The advantageous chemical properties of the phosphate ester linkage were exploited early in evolution, as exemplified by the phosphate diester linkage that joins neighbouring bases in RNA and DNA [5]. Once the genetic code for the 20 common amino acids was fixed, a second possible use for phosphate ester modification emerged, namely phosphorylation of serine (Ser), threonine (Thr) and tyrosine (Tyr) residues in proteins as a regulatory mechanism. During evolution, phosphorylation became one of the most prominent types of post-translational modification (PTM) because of its versatility and ready reversibility. Protein phosphorylation, which can occur on nine out of the 20 amino acids in proteins, is readily catalysed by protein kinases under physiological conditions, using ATP as a phosphate donor (guanosine triphosphate (GTP) and phosphoenol pyruvate (PEP) can also serve as phosphate donors). Phosphorylation is easily reversed through enzyme-catalysed hydrolysis by protein phosphatases, which accelerate the rate of reaction many thousand-fold.

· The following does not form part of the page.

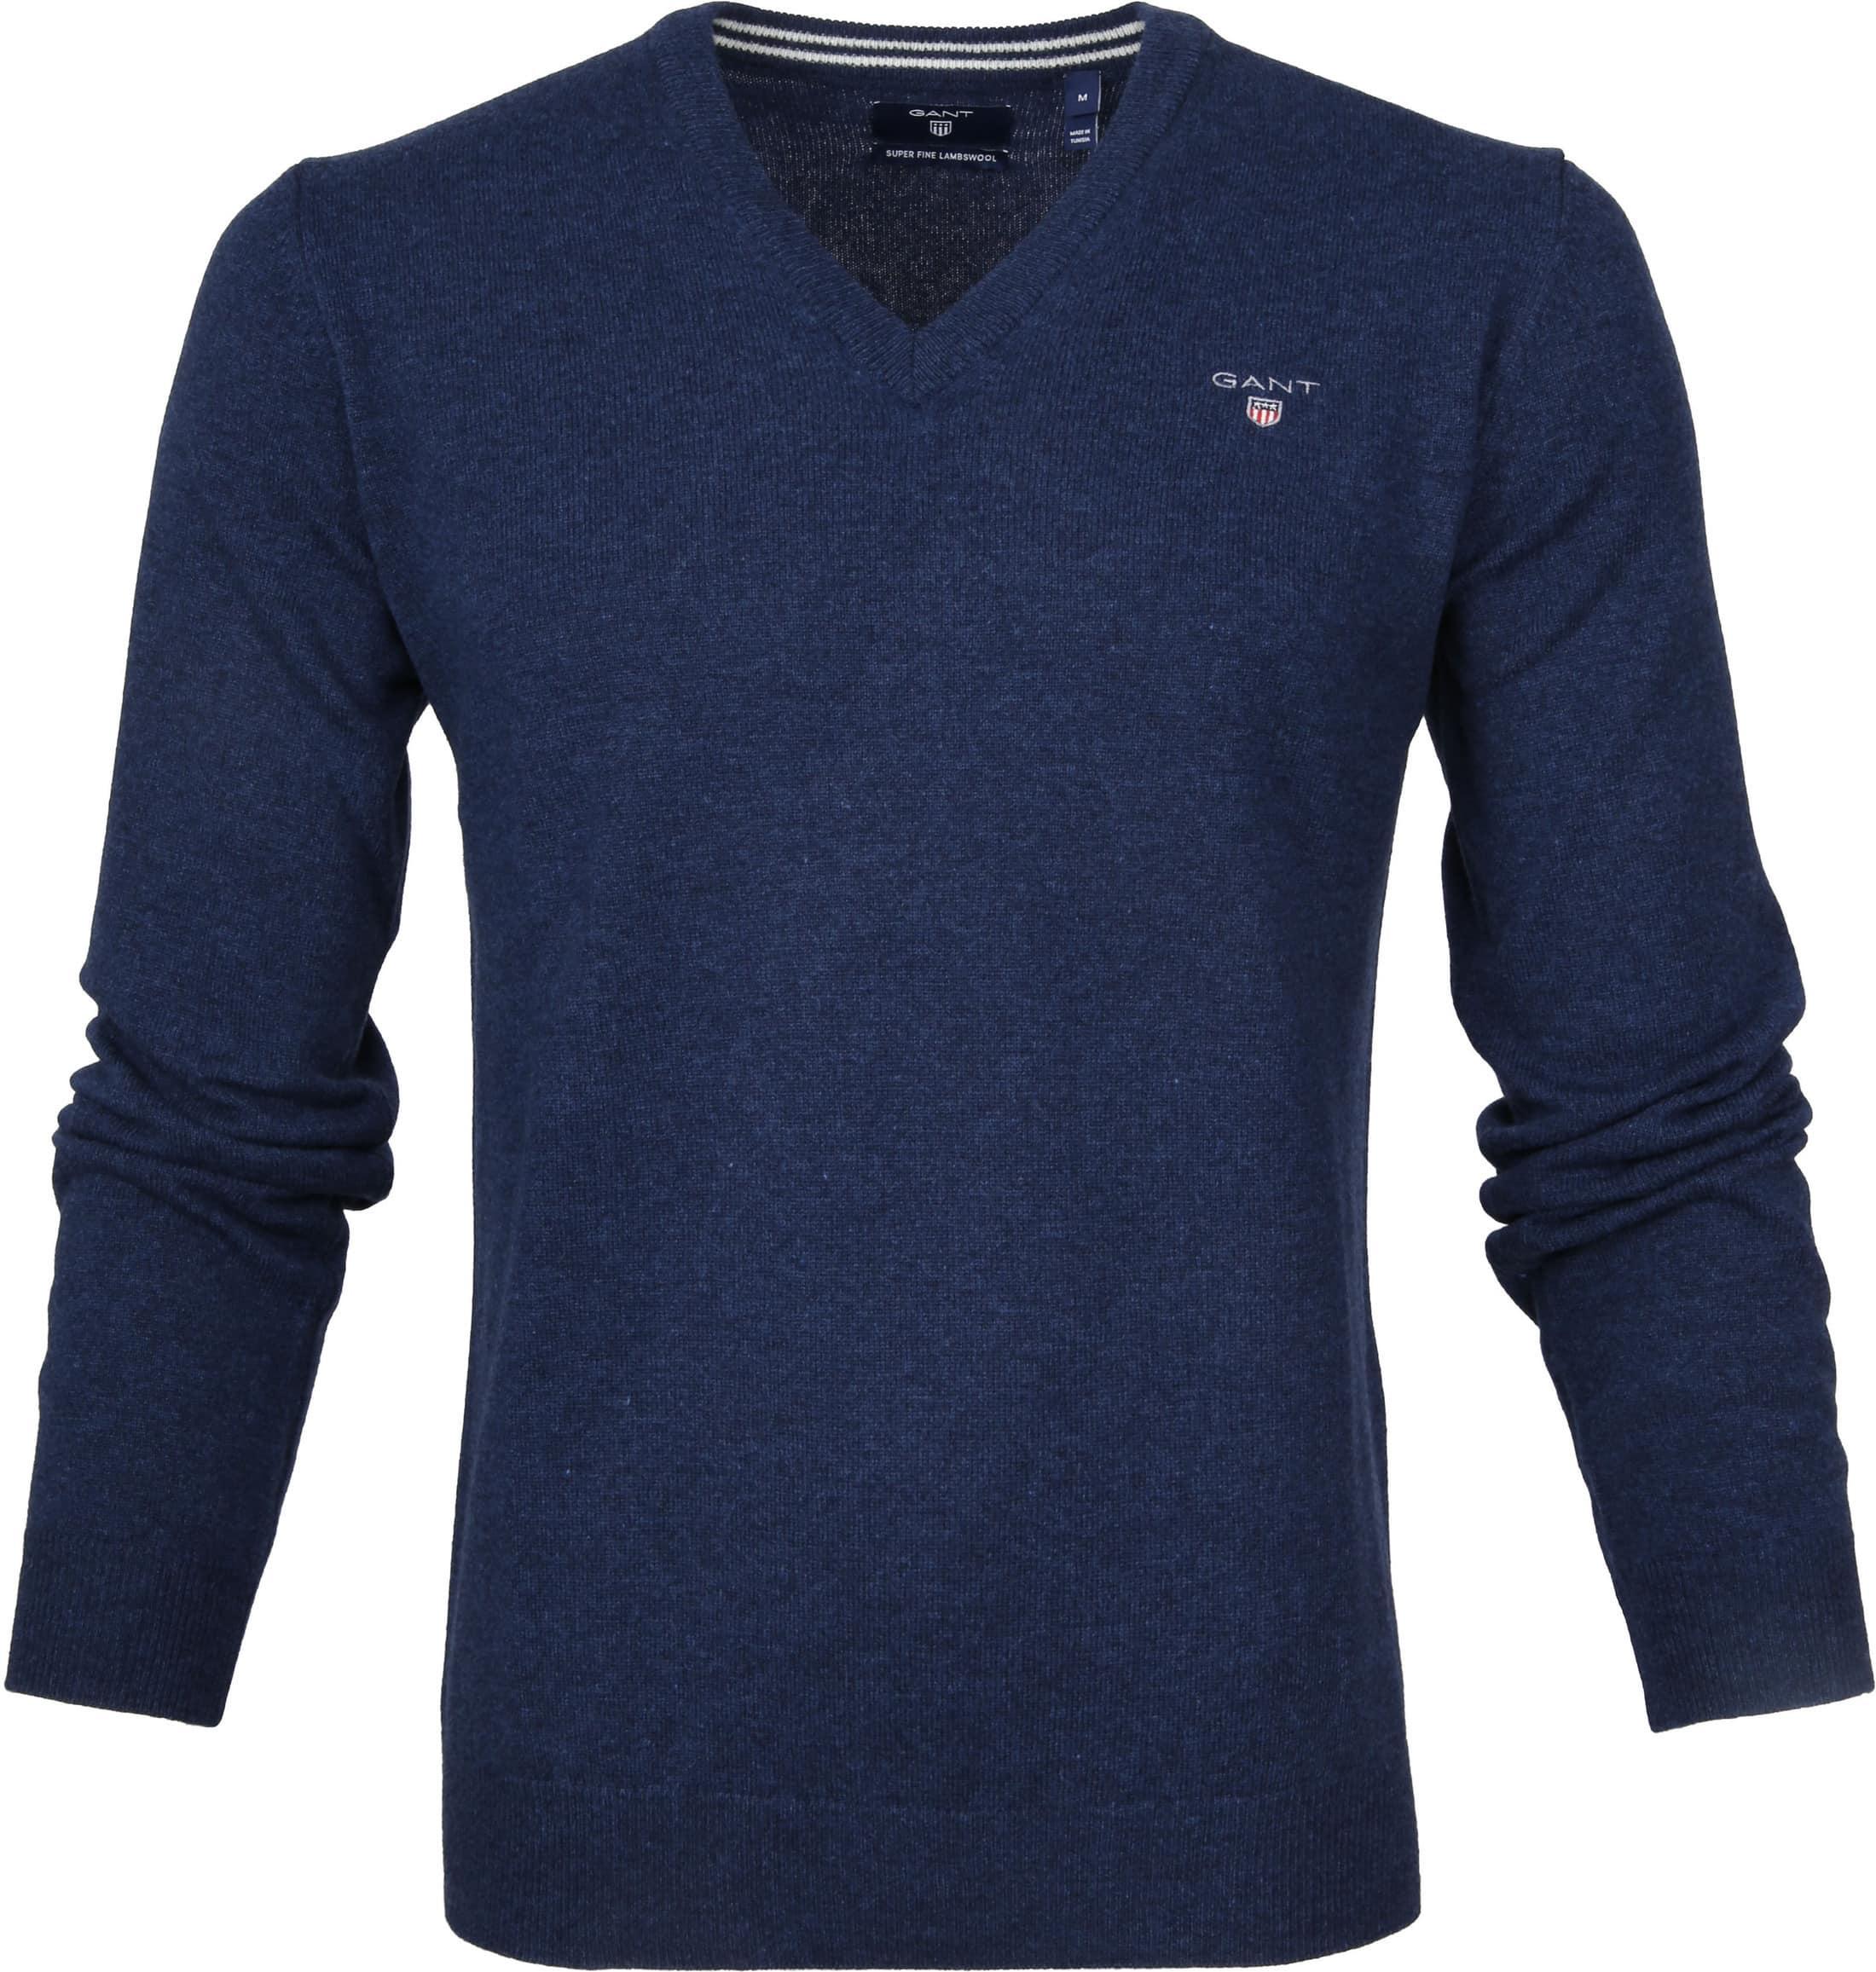 Gant Pullover Lamswol Blauw foto 0
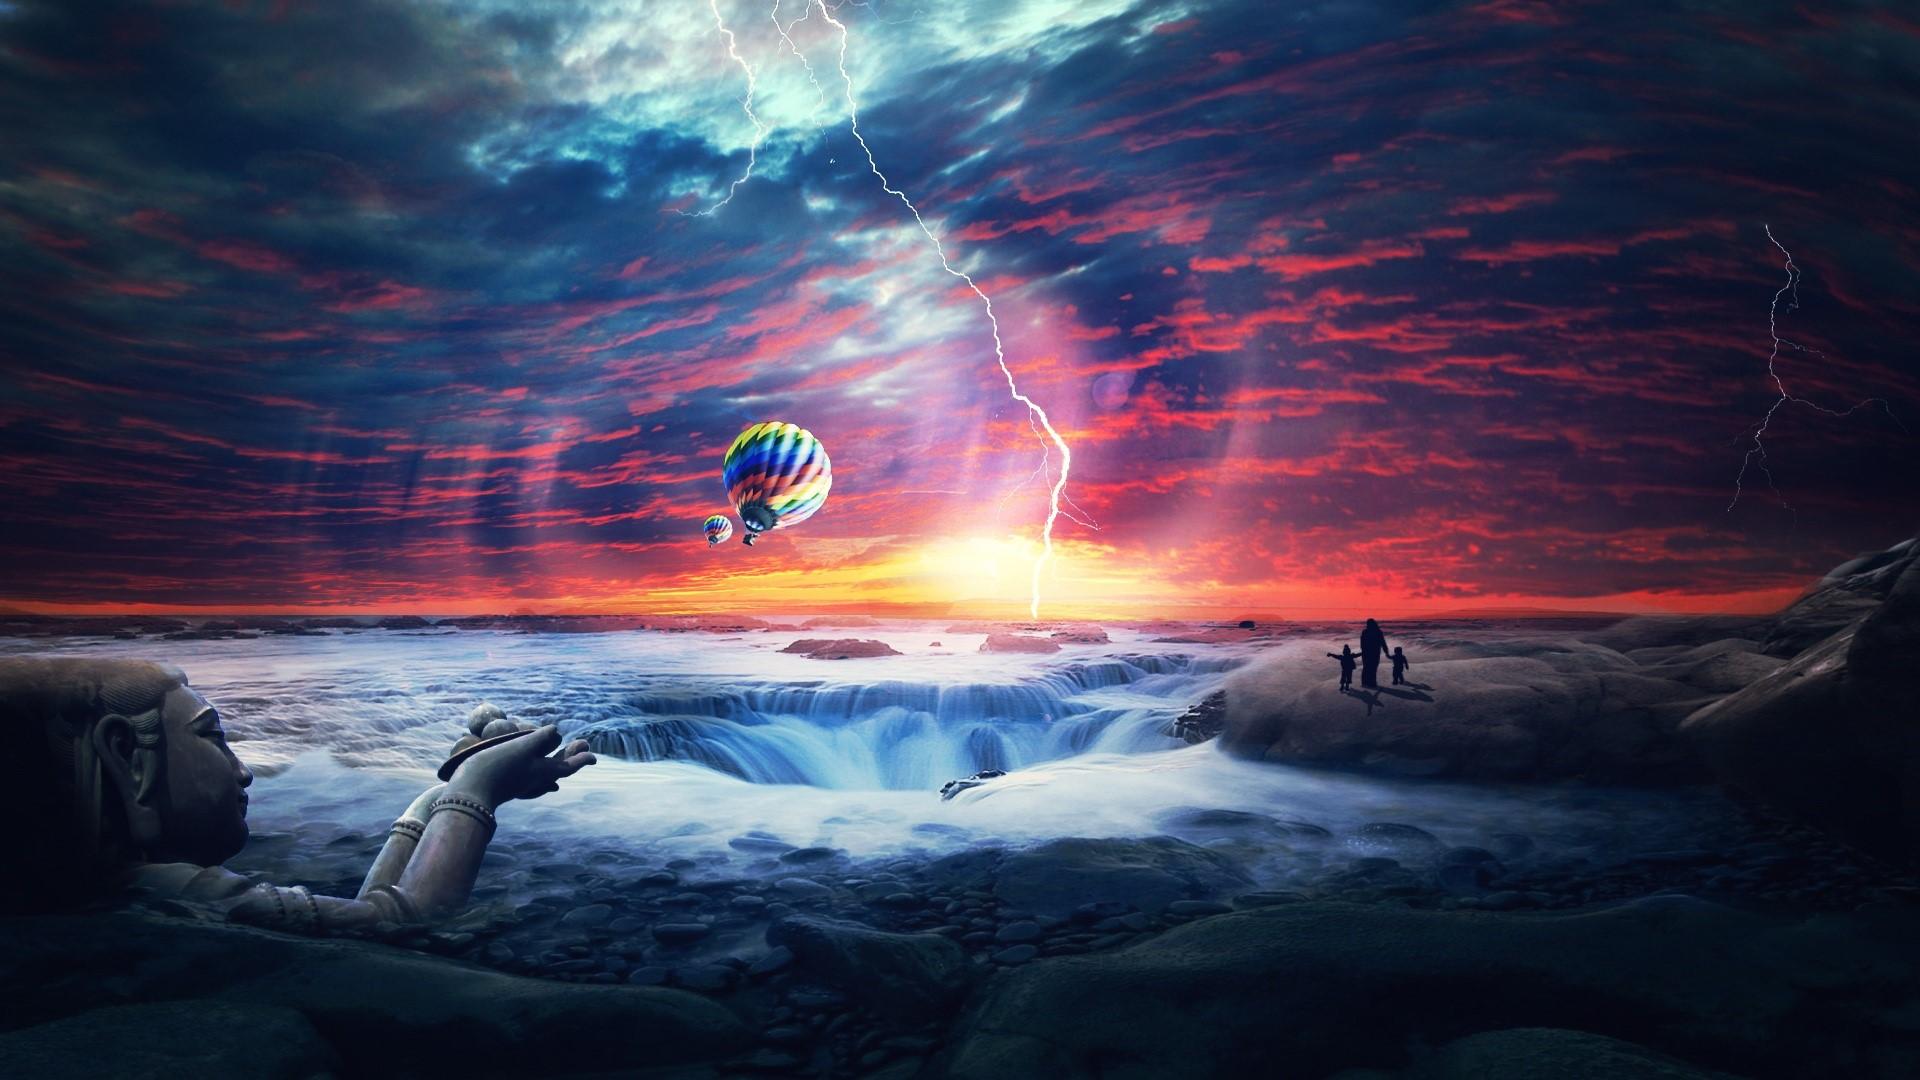 Wallpaper Apocalyptic sea

Phosphorylation of proteins is one of the most common PTMs in eukaryotes. Phosphate esters of Ser, Thr and Tyr predominate in eukaryotes, but phosphorylation of six other amino acids is chemically feasible (arginine (Arg), lysine (Lys), histidine (His), cysteine (Cys), aspartate (Asp) and glutamine (Glu)), and in many cases is known to occur. Phosphorylation of His, Lys and Arg to generate ‘high energy’ phosphoramidate bonds may have been important under prebiotic conditions. Indeed, Arg phosphate is used as an energy storage compound in plants. Phosphohistidine (P.His) is chemically unstable and has a relatively short half-life in aqueous solution at pH 7, but His phosphorylation is used as a regulatory mechanism in higher eukaryotes [6]. In addition, P.His is used as an intermediate in phosphate transfer to proteins by a large number of prokaryotic two-component signalling systems in which a catalytic biosensor protein phosphorylates a response regulator protein on an Asp, thus transmitting a signal, usually transducing an extracellular input at the membrane into activation of a transcription factor. In these systems, the high energy of the P.His phosphoramidate linkage generated on the biosensor in response to signal input drives the coupling of the phosphate to the β-COOH group of Asp, forming a mixed anhydride linkage.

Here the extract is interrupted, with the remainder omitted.